AIM OF THE TASK:
I'd like the data beneath this line reproduced exactly, without any of its images.

GIVEN MATERIAL:
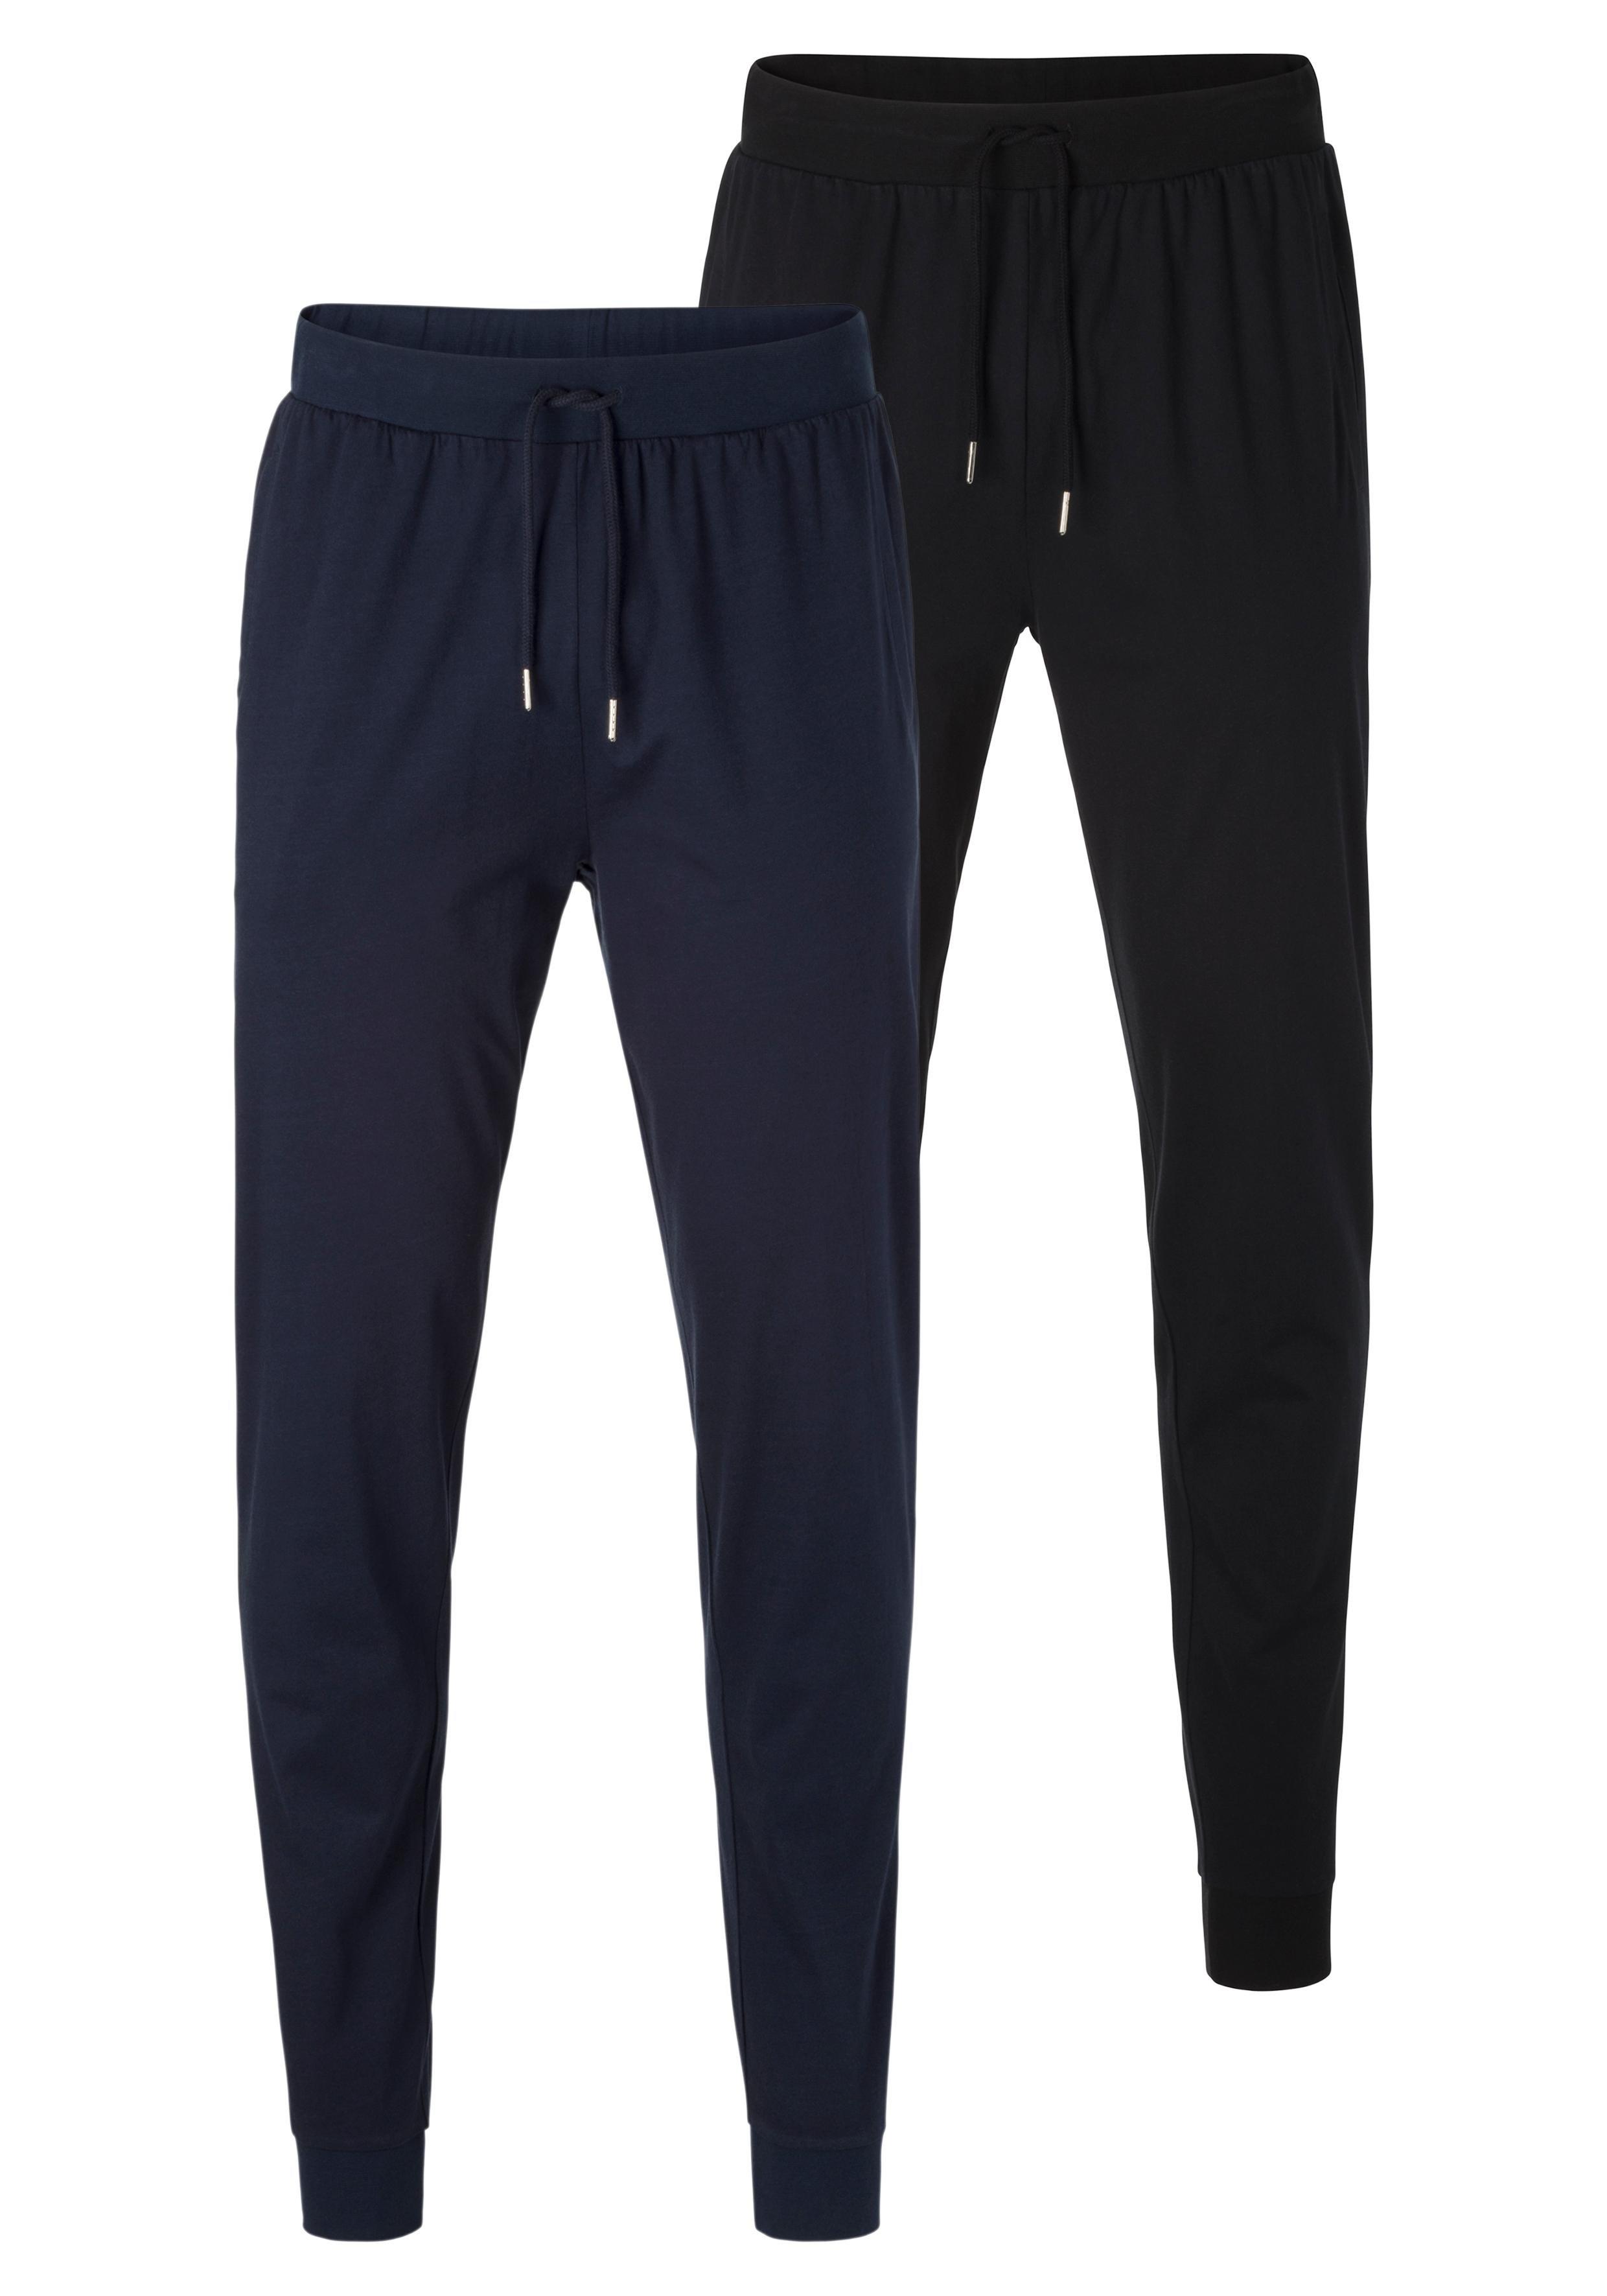 AUTHENTIC UNDERWEAR pyjamabroek (set van 2) online kopen op lascana.nl
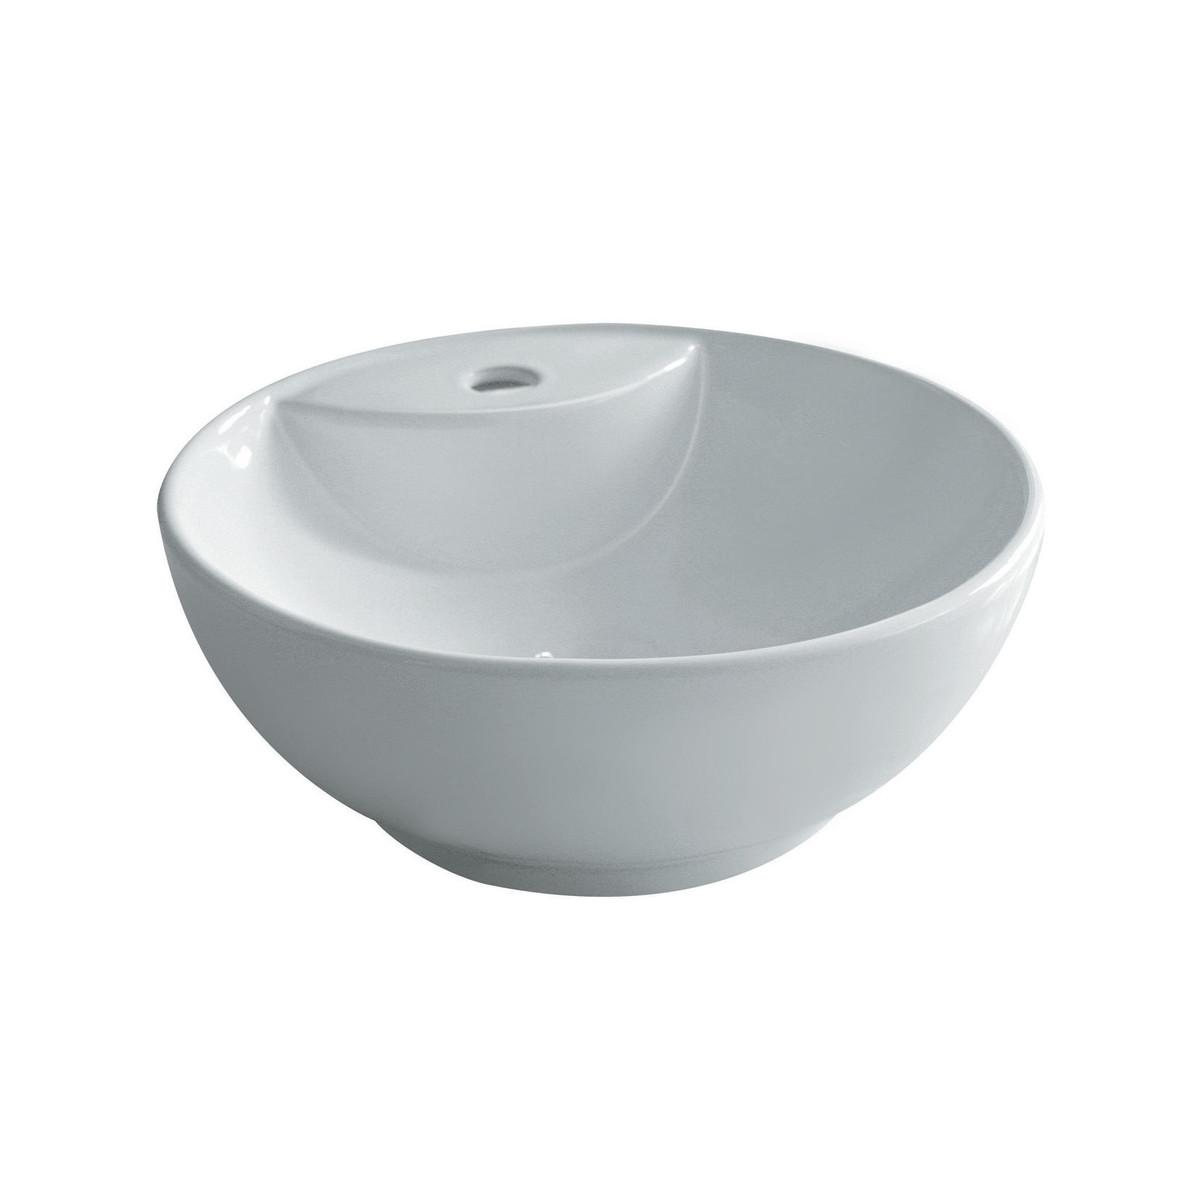 Lavabo Design Stoccolma Appoggio Ceramica Prezzo E
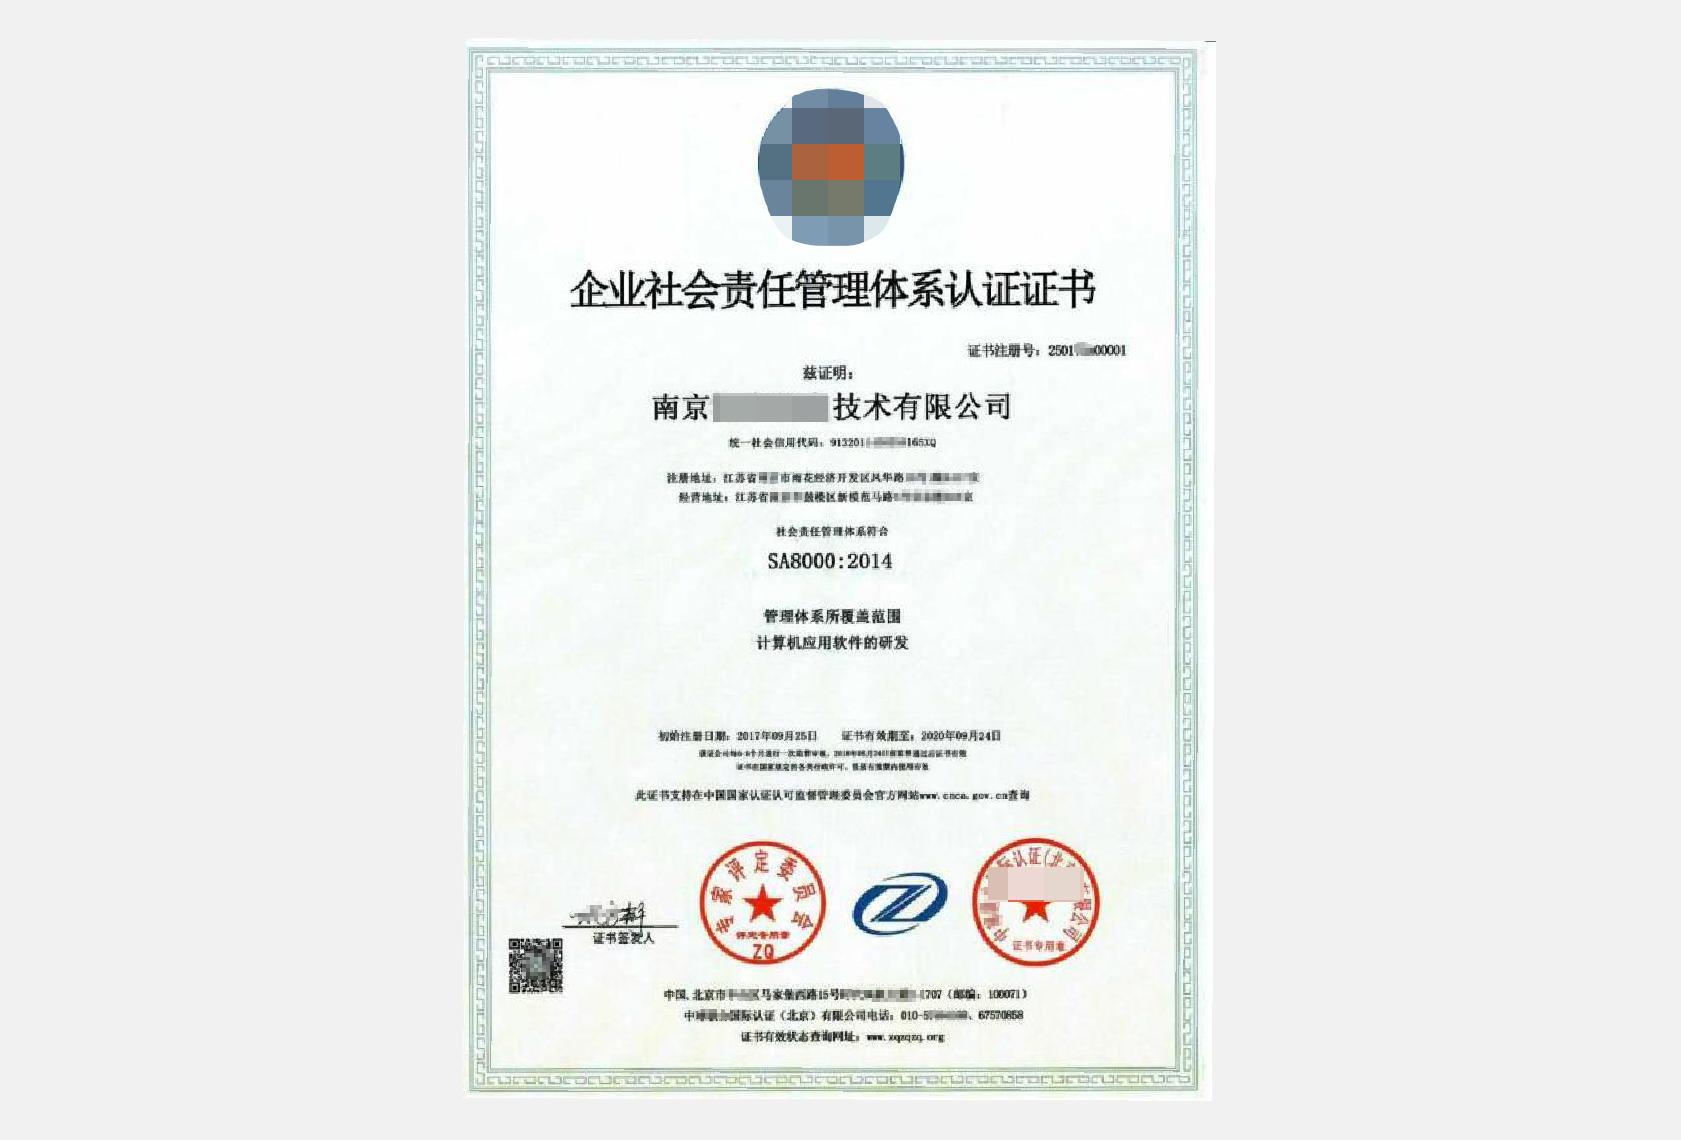 SA8000社会责任标准体系认证证书
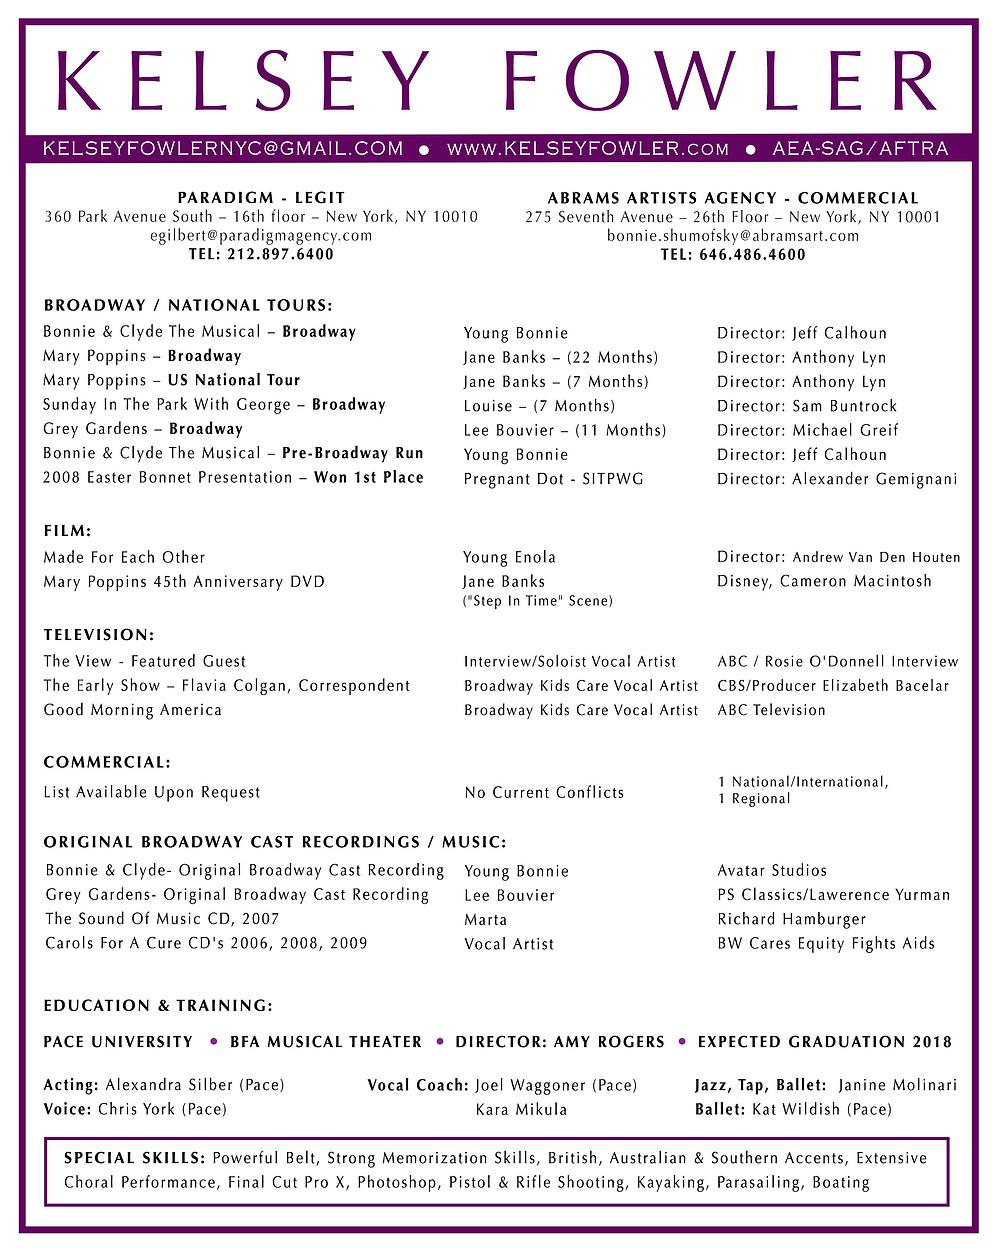 Kelsey Fowler's Resume.jpg

OUTPUT OF THE TASK:
 AUTHENTIC UNDERWEAR pyjamabroek (set van 2) online kopen op lascana.nl
 Lavabo Design Stoccolma Appoggio Ceramica Prezzo E
 SA8000社会责任标准体系认证证书
 Kelsey Fowler's Resume.jpg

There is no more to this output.